第4話 先客
「街の近くにこんな場所があったなんてな」
「私もビックリです」
ここは街から少し離れた山の中。
一見するとただの森にある洞窟に見えたが、目を凝らすと木に見えた円柱はツタの絡まった柱で、入口は多少崩れているものの、とても大きな石の門だと分かった。
「まるでジャングルだな」
ここにくる途中もそうだが、遺跡周りの森は家の周りに比べ、異常なほど鬱蒼としている。
「この辺り、魔力濃度が少し高いみたいです」
クリスタが目を閉じながらそう言う。
魔力濃度。その名の通り空気中に含まれる魔力の割合。
これが高い場所では動物や植物が、異常なほど大きく育ったり、変異し魔物になったりする。
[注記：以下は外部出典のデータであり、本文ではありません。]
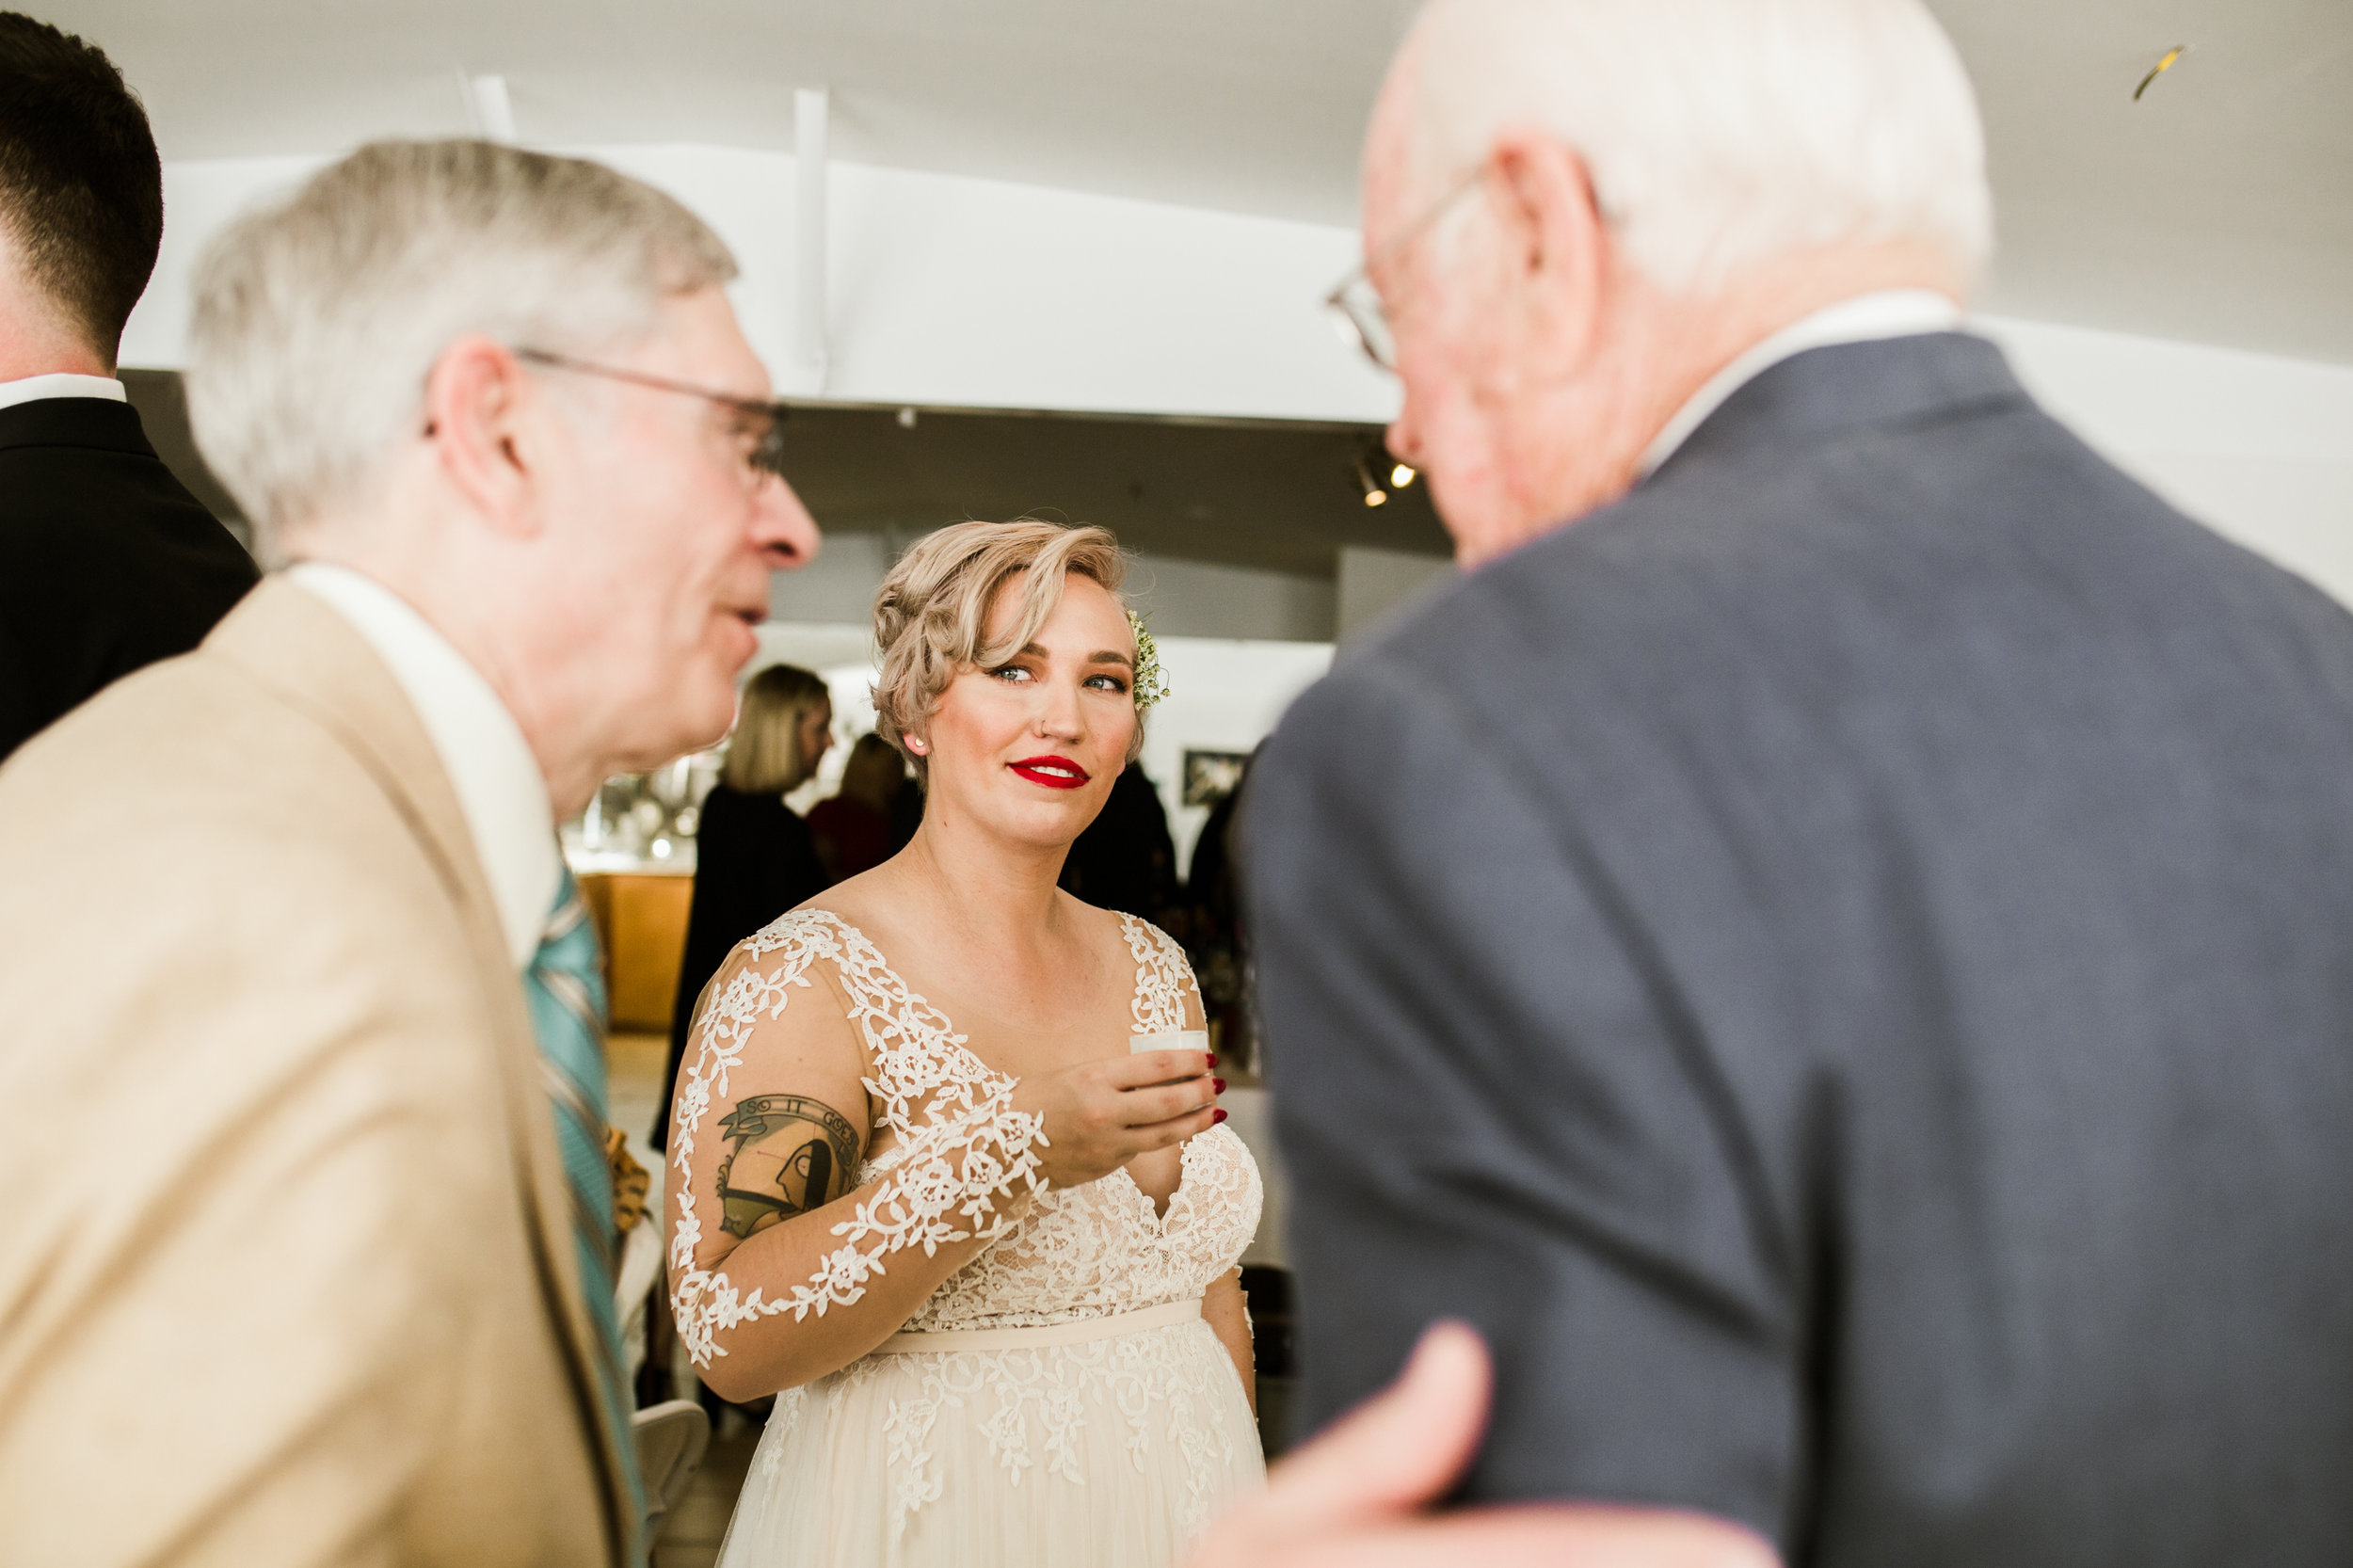 Kentucky Wedding Louisville Wedding Photographer 2018 Crystal Ludwick Photo Louisville Wedding Photographer Kentucky Wedding Photographer (70 of 105).jpg

魔法の才能がある者にはなんとなくその濃さが分かるんだそうだ。残念ながら俺には無理だが。
「クリスタ、松明出せるか?」
「お安い御用ですが、うっかり山火事起こさないでくださいね」
そう言うとクリスタは両手を前に出し、何も無い空間から一本の松明を取り出した。
これは空間魔法と言って色々なものをどこか別の場所にしまっておいたり、取り出したりできるらしい
容量は無限ではないものの、クリスタが言うにはドラゴン丸々一体くらいはしまえるらしい。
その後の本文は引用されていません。